Return each record word for word, keeping none of its pictures.
----- Records
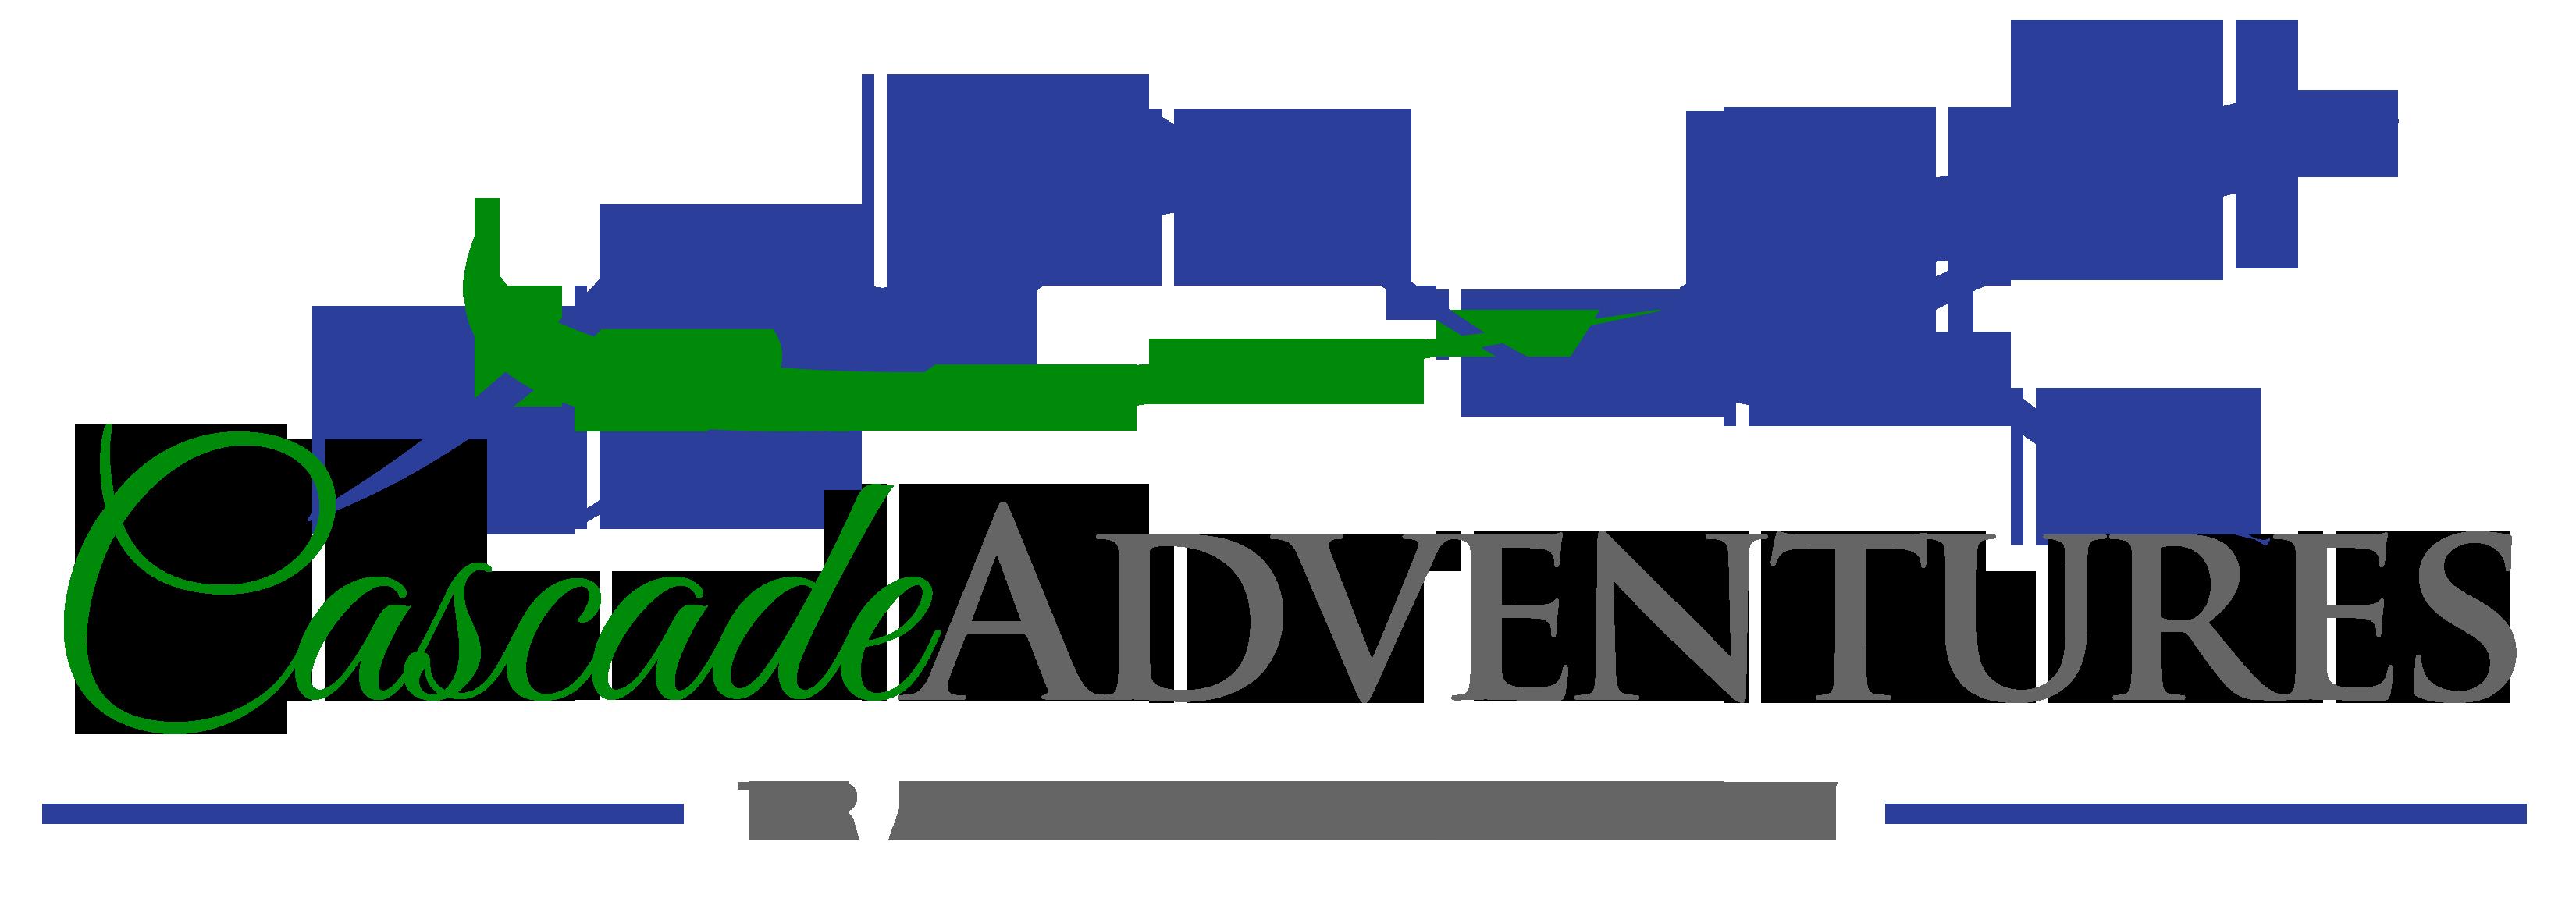 Logo for Cascade Adventures
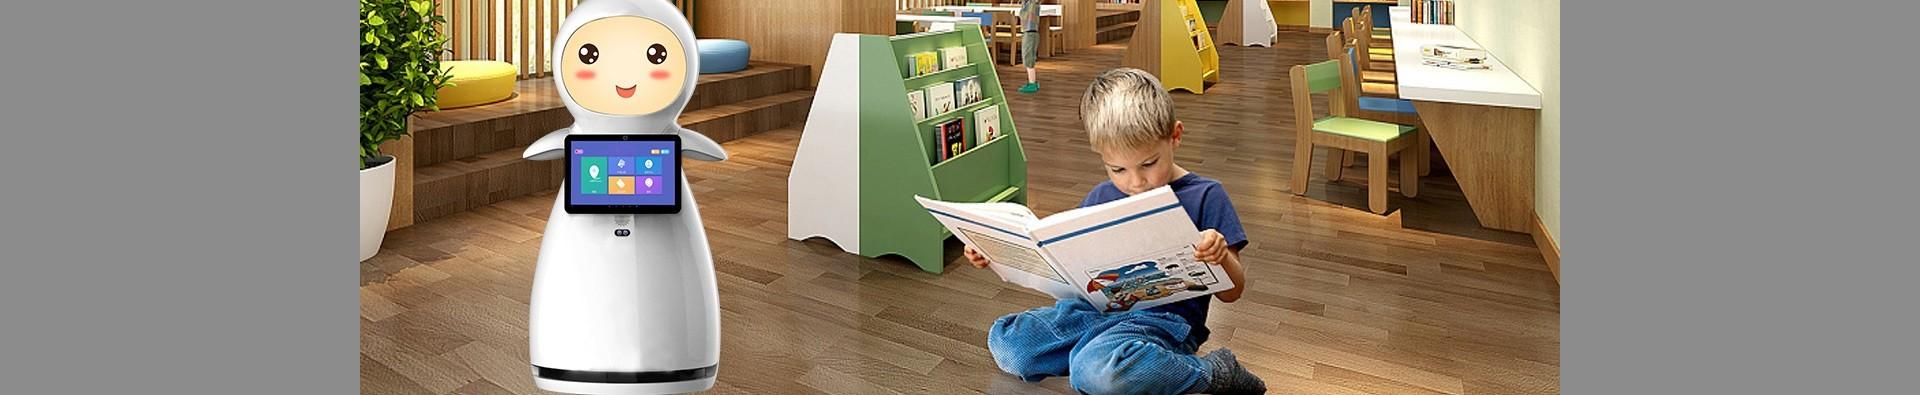 AI Smart Telepresence Educational Robot SIFROBOT-5.1 children
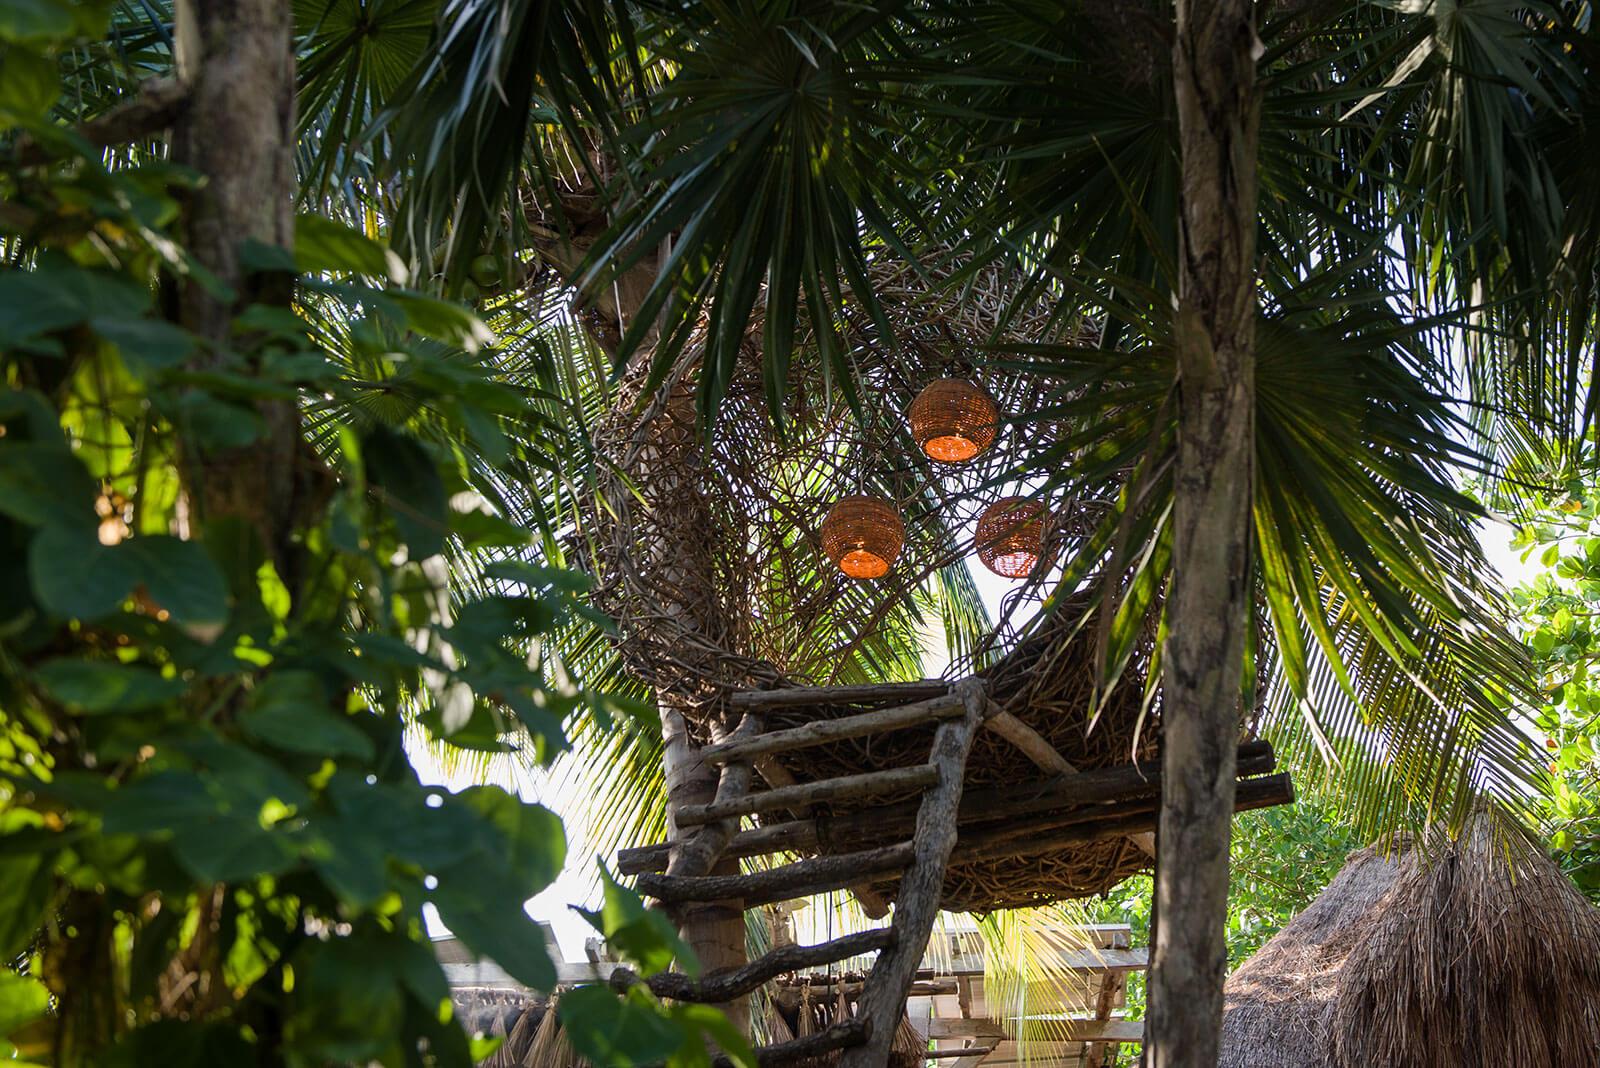 Maya_Luxe_Riviera_Maya_Luxury_Vacations_Villa_Rentals_Tulum_Playa_del_Carmen_Mexico_Bejuco_House_25.jpg
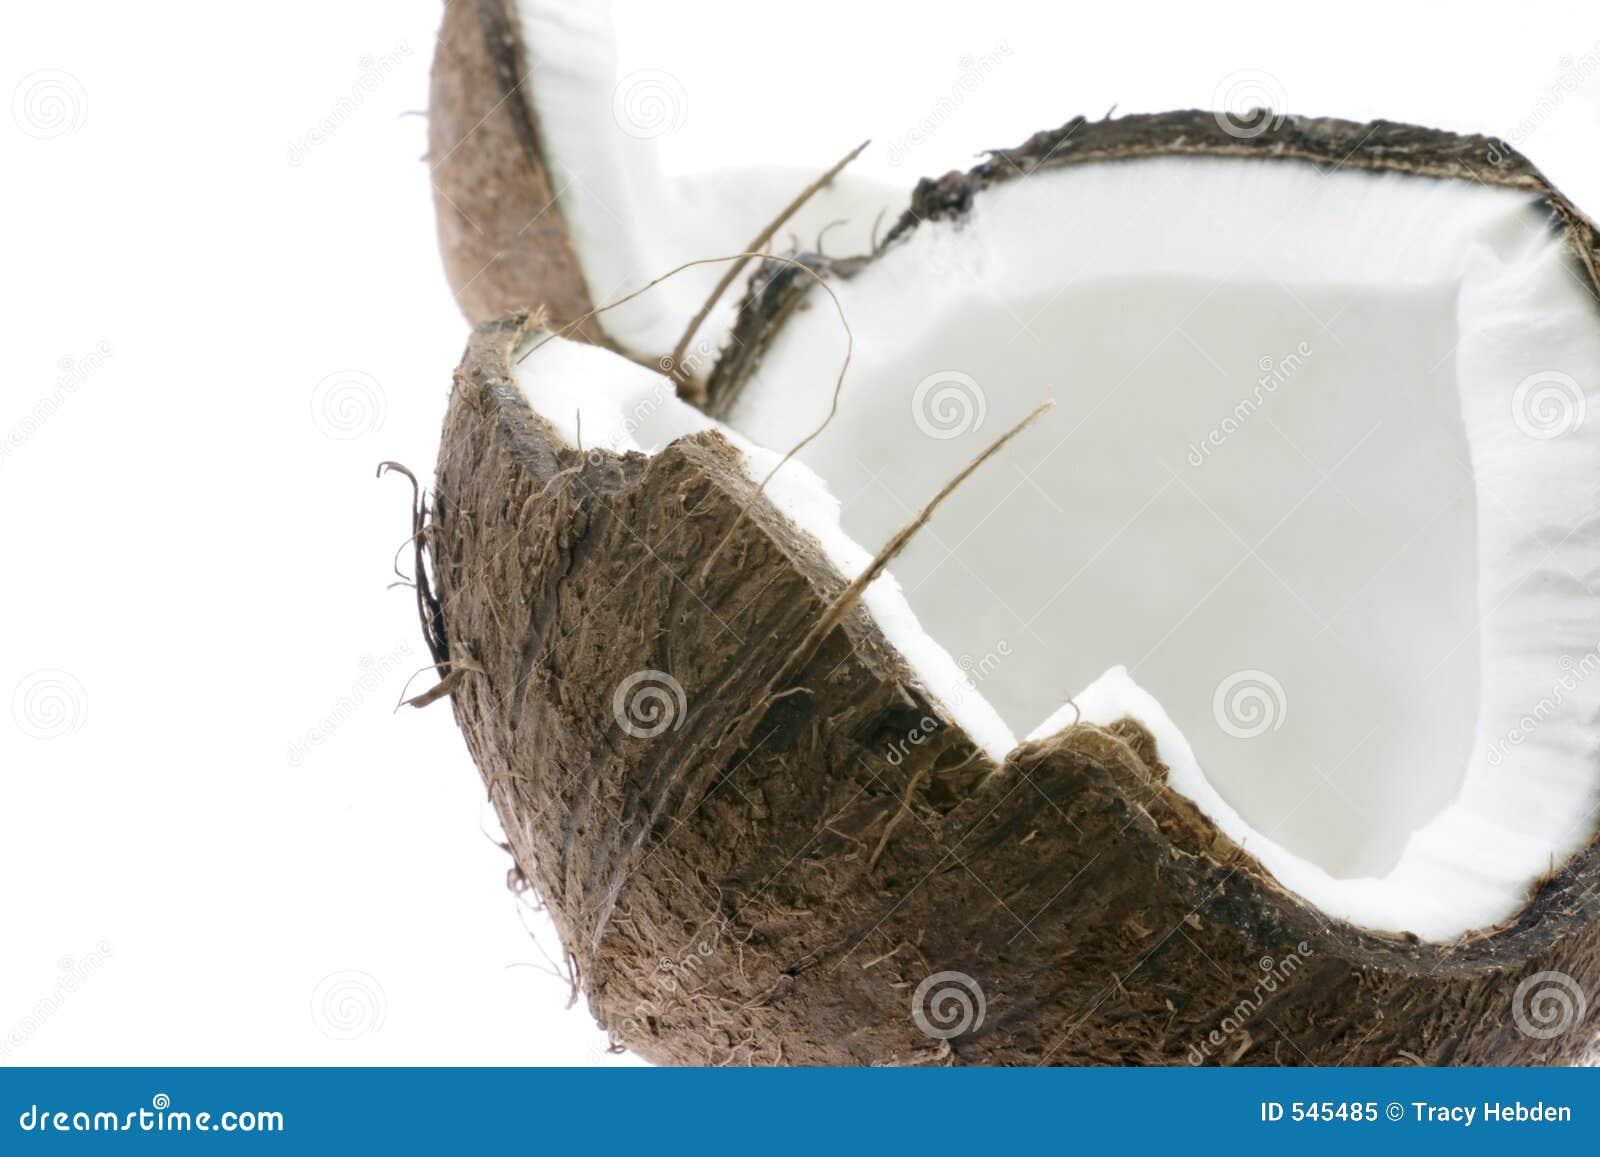 Download 椰子 库存图片. 图片 包括有 食物, 自然, 成份, 健康, 椰子, 结构树, 牛奶, korma, 掌上型计算机 - 545485
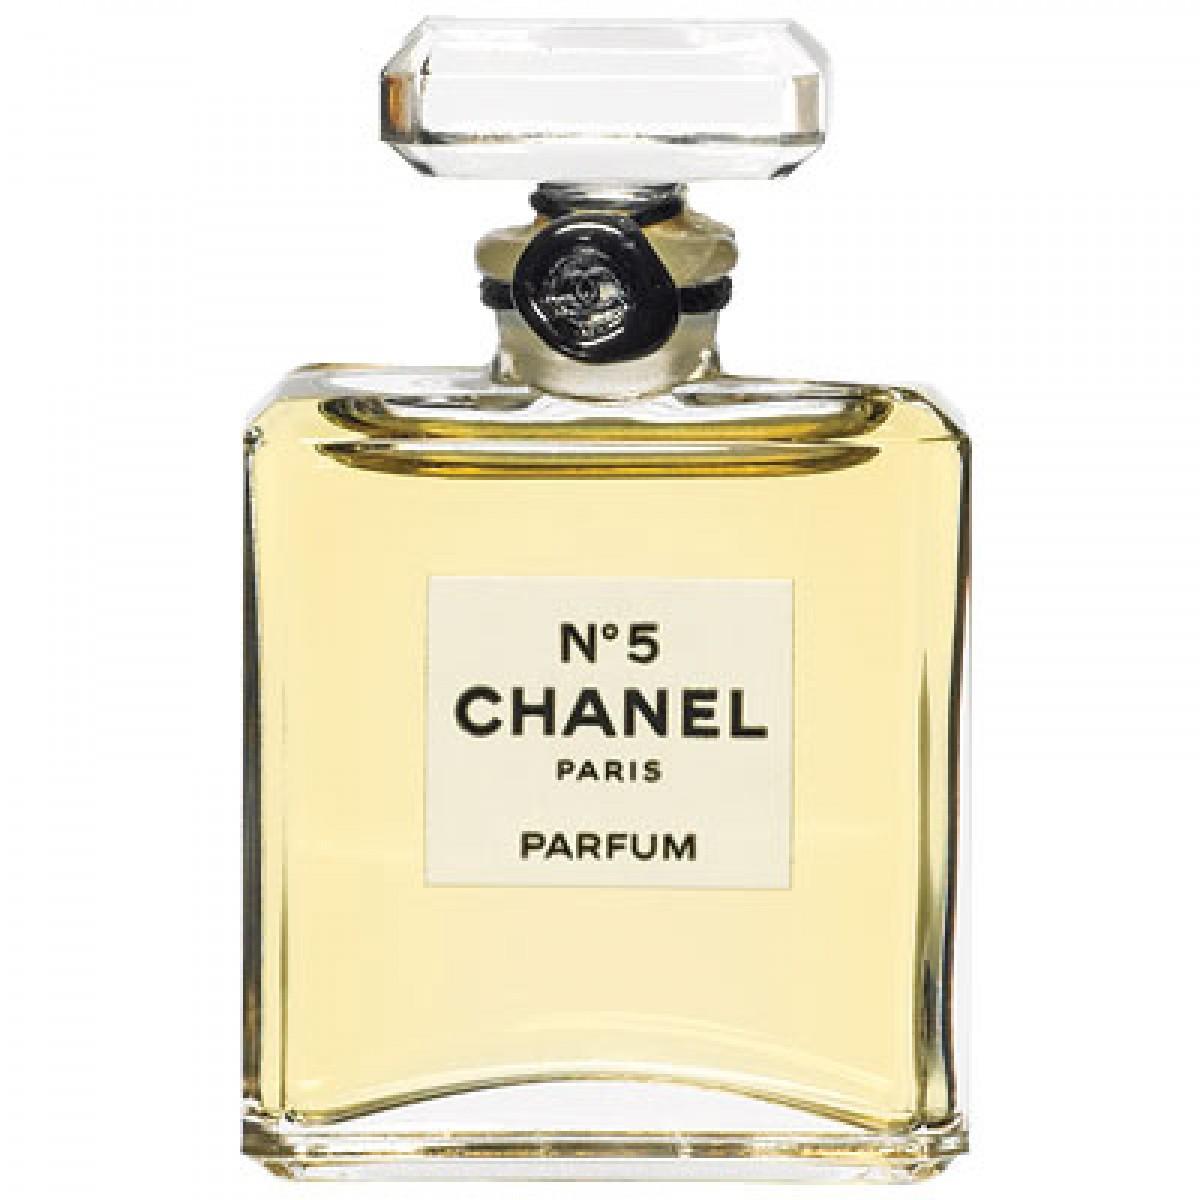 Perfume | The Velvet Lady
----------
● Written response
 Logo for Cascade Adventures
 AI Smart Telepresence Educational Robot SIFROBOT-5.1 children
 Maya_Luxe_Riviera_Maya_Luxury_Vacations_Villa_Rentals_Tulum_Playa_del_Carmen_Mexico_Bejuco_House_25.jpg
 Download 椰子 库存图片. 图片 包括有 食物, 自然, 成份, 健康, 椰子, 结构树, 牛奶, korma, 掌上型计算机 - 545485
 Perfume | The Velvet Lady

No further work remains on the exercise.